I'm disappointed with O'Reilly's Python Cookbook (Second Edition). It's unfortunate because I've found their "Cookbooks" for other languages to be A) a good way to pick up the fundamentals while B) learn recipes for common programming tasks. The Python Cookbook skimps on the language fundamentals while, despite its huge bulk, having few recipes for task types that I can imagine needing to know.
For instance, there are no examples of an XPath API, which I'd consider indispensable. One of the first things I wanted to do was take the Netflix Queue XHTML and simply extract the titles. I dug up some old Java code to do it.

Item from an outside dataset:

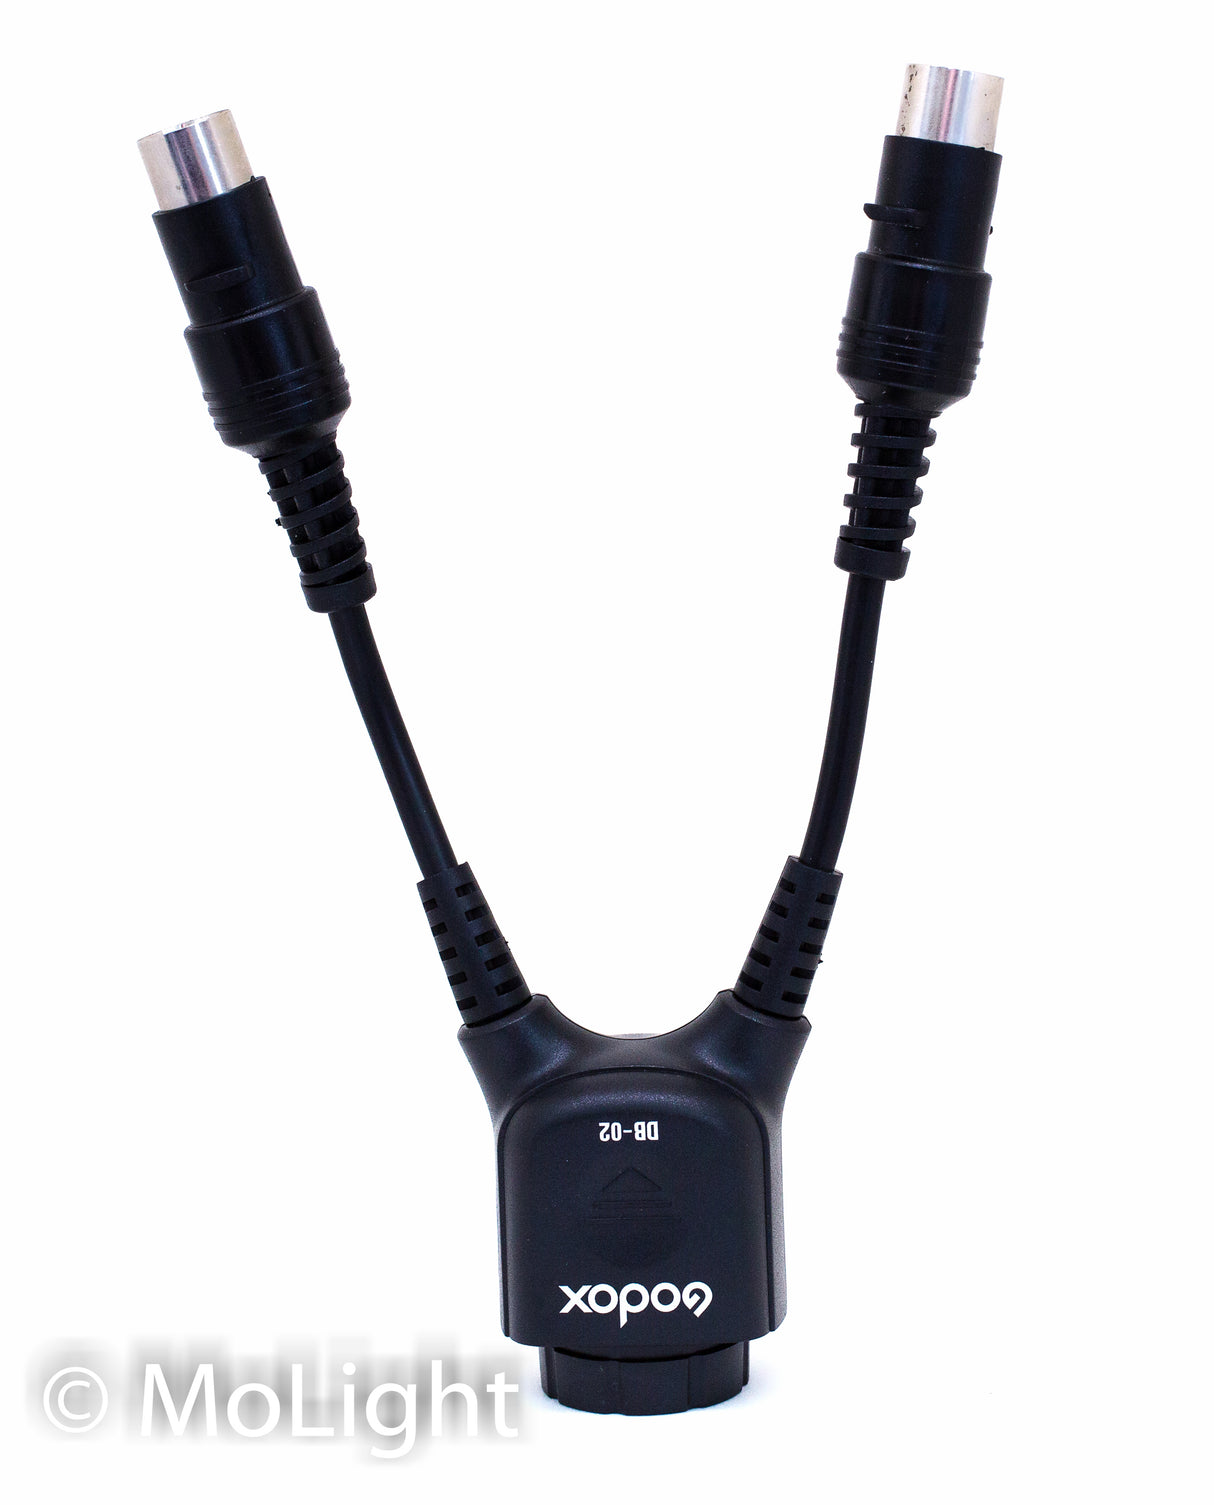 Y Adapter for PB960 Power Pack

The chapter on XML doesn't even have any examples of creating XML! And every Python example I've seen so far does it by simply spitting out strings. Where are the equivalents of StAX, DOM, JDOM, or (wishful thinking) E4X?
I appreciate Python's attempt to be clean, consistent, and object-oriented... in marked contrast to Perl's hodge-podge gumbo of pre-OOP stuff like C, Bourne shell, and so on. But the OOP chapter is just bizarre, full of things that I've never needed to worry about in Java.
The chapters on network and web programming don't show how to post to a web server or do authentication. The online library reference is useful, but very short on complete examples. I could go on, but suffice it to say that without Google searches, I wouldn't have gotten very far with Python.